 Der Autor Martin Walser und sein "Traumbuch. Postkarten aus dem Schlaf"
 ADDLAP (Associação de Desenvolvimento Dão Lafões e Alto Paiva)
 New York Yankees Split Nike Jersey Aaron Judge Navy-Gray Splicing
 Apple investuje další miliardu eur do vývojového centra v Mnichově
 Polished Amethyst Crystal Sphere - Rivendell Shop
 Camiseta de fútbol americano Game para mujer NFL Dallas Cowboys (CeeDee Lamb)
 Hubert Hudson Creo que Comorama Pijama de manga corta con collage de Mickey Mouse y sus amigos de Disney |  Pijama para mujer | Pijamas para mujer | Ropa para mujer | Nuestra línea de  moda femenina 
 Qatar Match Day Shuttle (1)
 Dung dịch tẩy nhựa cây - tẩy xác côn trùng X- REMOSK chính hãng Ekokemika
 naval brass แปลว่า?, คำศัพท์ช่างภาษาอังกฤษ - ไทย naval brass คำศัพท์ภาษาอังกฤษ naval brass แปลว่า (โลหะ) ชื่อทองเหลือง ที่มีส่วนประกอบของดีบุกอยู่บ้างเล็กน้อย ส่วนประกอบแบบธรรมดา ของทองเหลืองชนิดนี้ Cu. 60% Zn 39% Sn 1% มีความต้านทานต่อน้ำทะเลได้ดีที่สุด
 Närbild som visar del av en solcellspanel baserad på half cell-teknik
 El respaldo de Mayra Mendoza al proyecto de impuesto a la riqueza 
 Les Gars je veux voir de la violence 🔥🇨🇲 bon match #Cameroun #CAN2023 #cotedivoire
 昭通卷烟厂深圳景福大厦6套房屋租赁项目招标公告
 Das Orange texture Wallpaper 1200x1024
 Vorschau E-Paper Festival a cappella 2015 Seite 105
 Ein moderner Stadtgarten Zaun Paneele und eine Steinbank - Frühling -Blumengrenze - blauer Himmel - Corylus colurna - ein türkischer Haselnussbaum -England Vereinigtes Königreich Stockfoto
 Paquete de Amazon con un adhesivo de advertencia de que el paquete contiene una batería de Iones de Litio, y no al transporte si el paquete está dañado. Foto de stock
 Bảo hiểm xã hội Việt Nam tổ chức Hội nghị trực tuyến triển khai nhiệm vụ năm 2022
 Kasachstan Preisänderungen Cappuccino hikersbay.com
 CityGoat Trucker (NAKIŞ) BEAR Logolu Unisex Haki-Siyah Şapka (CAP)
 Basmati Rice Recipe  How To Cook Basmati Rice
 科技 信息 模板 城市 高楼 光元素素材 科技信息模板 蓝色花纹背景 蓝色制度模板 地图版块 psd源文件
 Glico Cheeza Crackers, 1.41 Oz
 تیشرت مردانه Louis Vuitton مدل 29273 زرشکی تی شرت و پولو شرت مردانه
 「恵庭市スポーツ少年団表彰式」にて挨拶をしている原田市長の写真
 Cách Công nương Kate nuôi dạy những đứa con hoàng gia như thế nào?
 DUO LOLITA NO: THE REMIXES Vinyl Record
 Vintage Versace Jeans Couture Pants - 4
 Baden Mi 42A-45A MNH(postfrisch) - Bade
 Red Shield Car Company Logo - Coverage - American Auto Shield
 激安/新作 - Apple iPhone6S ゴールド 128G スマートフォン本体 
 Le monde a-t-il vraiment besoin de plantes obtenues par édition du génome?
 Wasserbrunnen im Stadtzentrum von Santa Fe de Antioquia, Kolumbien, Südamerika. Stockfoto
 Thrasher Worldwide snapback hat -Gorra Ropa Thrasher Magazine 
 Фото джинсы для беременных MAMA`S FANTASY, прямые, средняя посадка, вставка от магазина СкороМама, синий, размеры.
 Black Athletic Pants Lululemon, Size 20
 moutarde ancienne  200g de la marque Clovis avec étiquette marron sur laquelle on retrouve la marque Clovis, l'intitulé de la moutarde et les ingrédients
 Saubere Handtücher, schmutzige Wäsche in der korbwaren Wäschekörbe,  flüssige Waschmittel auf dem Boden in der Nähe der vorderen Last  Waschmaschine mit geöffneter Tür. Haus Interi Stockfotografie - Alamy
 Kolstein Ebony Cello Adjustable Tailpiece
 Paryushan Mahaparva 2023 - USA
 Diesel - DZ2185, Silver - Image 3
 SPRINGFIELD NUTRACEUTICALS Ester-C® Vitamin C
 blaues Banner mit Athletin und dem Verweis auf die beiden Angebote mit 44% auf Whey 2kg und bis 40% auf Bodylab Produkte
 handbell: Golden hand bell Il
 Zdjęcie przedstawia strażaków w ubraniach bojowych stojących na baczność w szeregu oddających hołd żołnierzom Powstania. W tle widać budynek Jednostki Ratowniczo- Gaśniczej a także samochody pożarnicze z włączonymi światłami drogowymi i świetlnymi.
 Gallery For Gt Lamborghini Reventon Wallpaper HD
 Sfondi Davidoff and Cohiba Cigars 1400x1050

◇ ◇ ◇ ◇ ◇

# [What you should do]
In the entries above, find the line with "تیشرت مردانه Louis" and the line with "Red Shield Car", then set down exactly those two and every line between them, nothing else.

# [Result for this exercise]
 تیشرت مردانه Louis Vuitton مدل 29273 زرشکی تی شرت و پولو شرت مردانه
 「恵庭市スポーツ少年団表彰式」にて挨拶をしている原田市長の写真
 Cách Công nương Kate nuôi dạy những đứa con hoàng gia như thế nào?
 DUO LOLITA NO: THE REMIXES Vinyl Record
 Vintage Versace Jeans Couture Pants - 4
 Baden Mi 42A-45A MNH(postfrisch) - Bade
 Red Shield Car Company Logo - Coverage - American Auto Shield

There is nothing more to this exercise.